Das RLT zeigt das Stück der Stunde
Sahar Amini hat am RLT „Wir sind keine Barbaren!“ inszeniert.
Neuss. Mit „Wir sind keine Barbaren!“ hat der preisgekrönte Autor Philipp Löhle das Stück der Stunde geschrieben. Voll schwarzem Humor, mit vier Protagonisten, die so richtig in der Mitte der Gesellschaft stehen und plötzlich einen Fremdkörper vor der Tür stehen haben. Vor ziemlich genau zwei Jahren. In der Schweiz. Als die Eidgenossen über die sogenannte Masseneinwanderungsinitiative, initiiert von der rechtspopulistischen Schweizerischen Volkspartei (SVP), abgestimmt haben. Als Löhles Stück als Auftragsarbeit am Theater Bern Uraufführung hatte, war das Abstimmungsergebnis zu ahnen, aber keine Gewissheit. Erst danach stellte sich raus: Eine knappe Mehrheit votierte dafür, den Zuzug von EU-Bürgern zu beschränken.
Fast könnte man es als Prophetie bezeichnen, dass das RLT das Stück bereits vor mehr als eineinhalb Jahren auf den heutigen Spielplan setzte. Der Anlass ist längst aus dem öffentlichen Gedächtnis verschwunden, in Zeiten von Pegida und AfD geht es heute um Menschen, die vor Krieg, Folter, vor religiösen Hetzern nach Europa fliehen. Wie der Schwarze in Löhles Stück, der an die Wohnungstür von Barbara und Mario klopft. Sie sind schließlich keine Barbaren, also nehmen sie den Mann, der entweder Klint oder Bobo heißt — sie verstehen ihn leider so schlecht —, auf. Barbara als empathischer Gutmensch, Mario, weil ihm nichts anderes übrig bleibt. Der Fremde bestimmt ihr Denken und Leben — aber bleibt auf der Bühne unsichtbar, ist nur im Reden der beiden und ihrer neuen Nachbarn Linda und Paul präsent.
Regisseurin Sahar Amini reduziert in ihrer Inszenierung das Äußere auf ein Minimum, setzt auf die absurden, witzigen, schnellen Dialoge, stellt das in Löhles Text großgeschriebene „WIR“ hinterhältig-listig aus, indem sie den kommentierenden Chor aus Neusser Bürgern verschiedenster Berufe und Alter bildet. Unter der Leitung von Peter Wallgram schlägt sich der Laien-Chor höchst achtbar (von kleinen unrhythmischen Aussetzern mal abgesehen), wird zudem von Amini sehr geschickt ins Bild gesetzt.
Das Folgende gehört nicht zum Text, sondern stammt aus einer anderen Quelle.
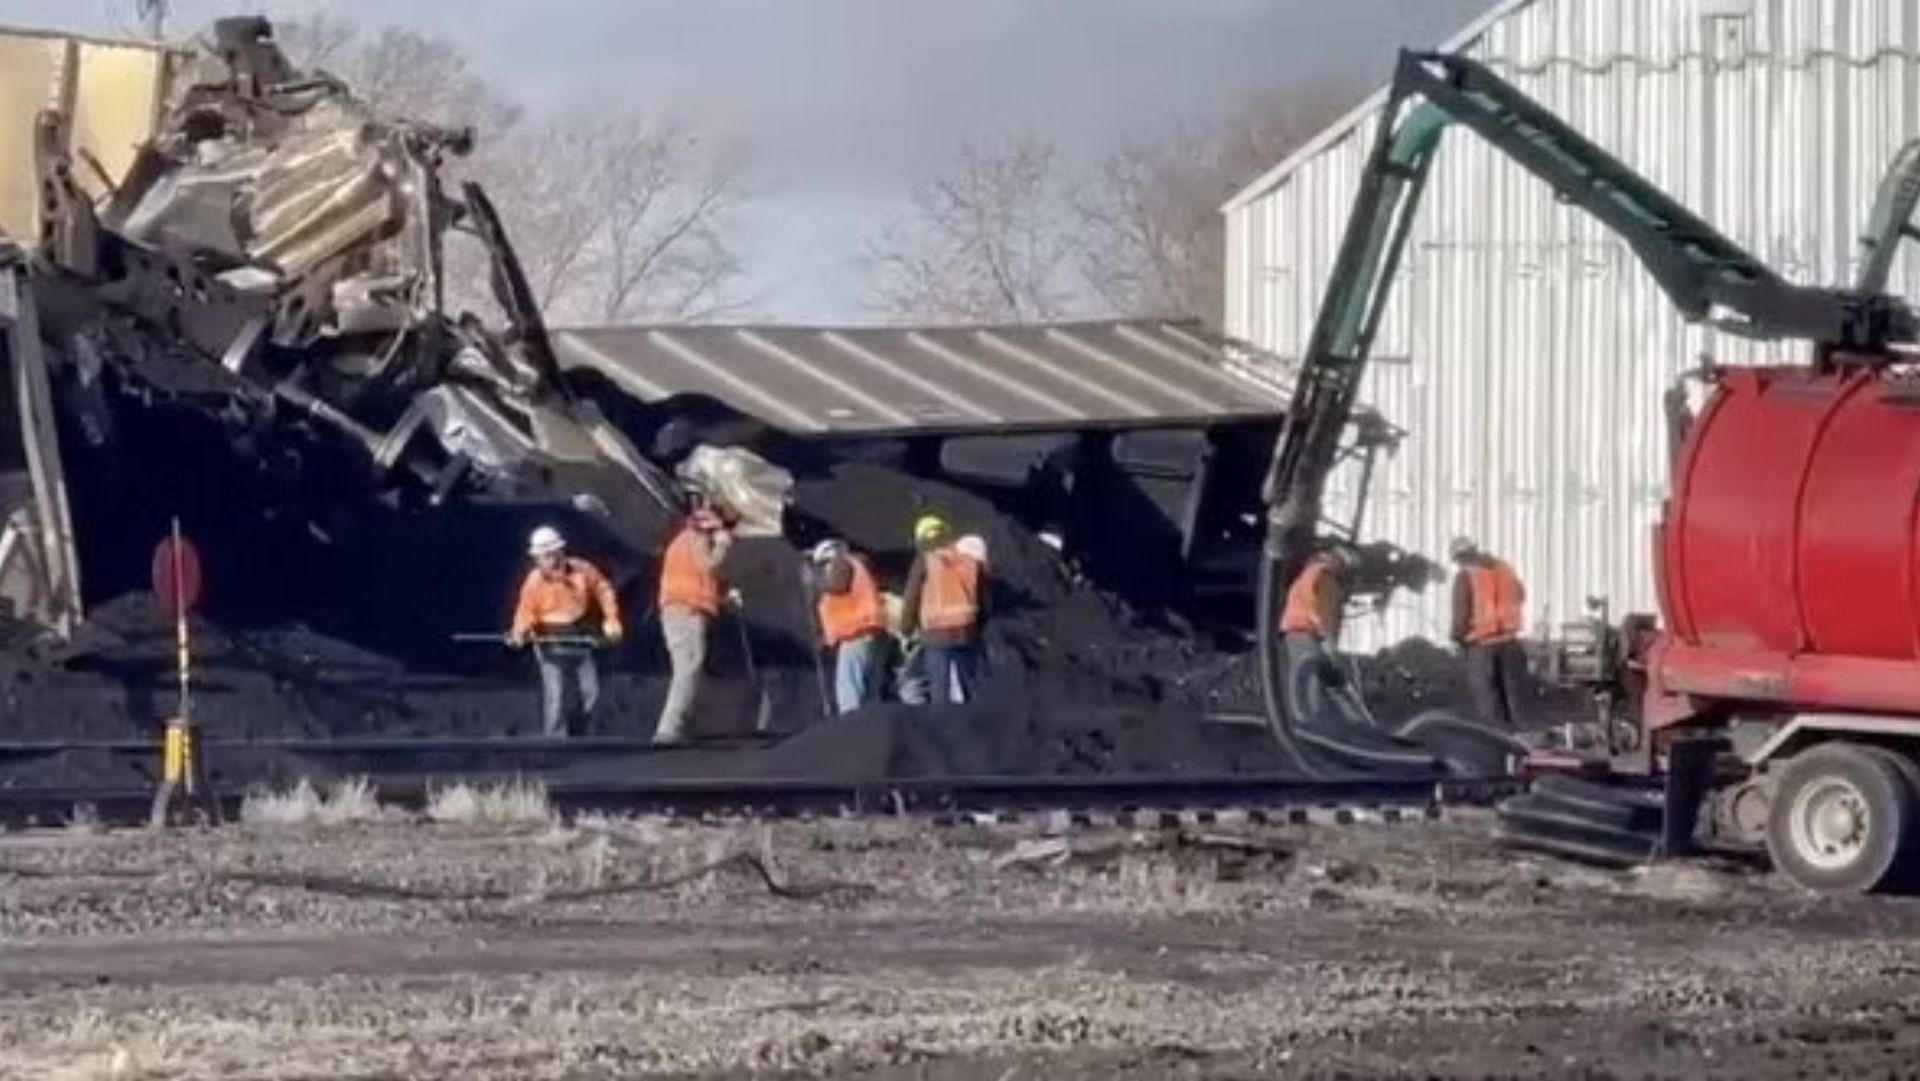 Another train derailment in Nebraska took place in the U.S. on Tuesday. (image via KNOP)

Für den schlaglichtartigen Szenenwechsel des Stücks, für den inhaltlichen Schwerpunkt, die Angst der gesellschaftlichen Mitte vor dem Fremden, haben Ausstatter Anna Schurau und Malte Schurau eine wunderbare Entsprechung gebaut: Thuja (Lebensbaum!) in Balkonkästen, die je nach Szene hin- und hergeschoben werden können.
Mit der Heckenschere rückt der hilflose Spießer Mario ( Andreas Spaniol) jedem herausragenden Zweiglein zu Leibe, seine Frau Barbara (Linda Riebau) scheint immerhin gelegentlich von Ausbruch zu träumen, aber greift dann doch lieber zum Wasserzerstäuber. Fitness-Trainerin Linda (Alina Wolff) lebt ihr Leben zwischen Pilates und Balance-Swing, ihr Mann Paul (Stefan Schleue) ist ein Schluffi, der erst mal einen Schutzraum baut, nachdem der Fremde nebenan eingezogen ist.
Straff und geradewegs auf den knalligen Schlusspunkt zusteuernd hat Amini die Geschichte in 90 pausenlose Minuten gepackt. Ohne viel Schnörkelei, sondern nur darauf zielend, dass die markante Sprache des Textes die Selbstsicherheit einer Gesellschaft als tönern entlarvt. Das Hauptdarsteller-Quartett ist dafür ideal besetzt: Jeder typisiert seine Figur und belässt ihr doch das Menschliche. Großer Beifall für sehenswertes Theater.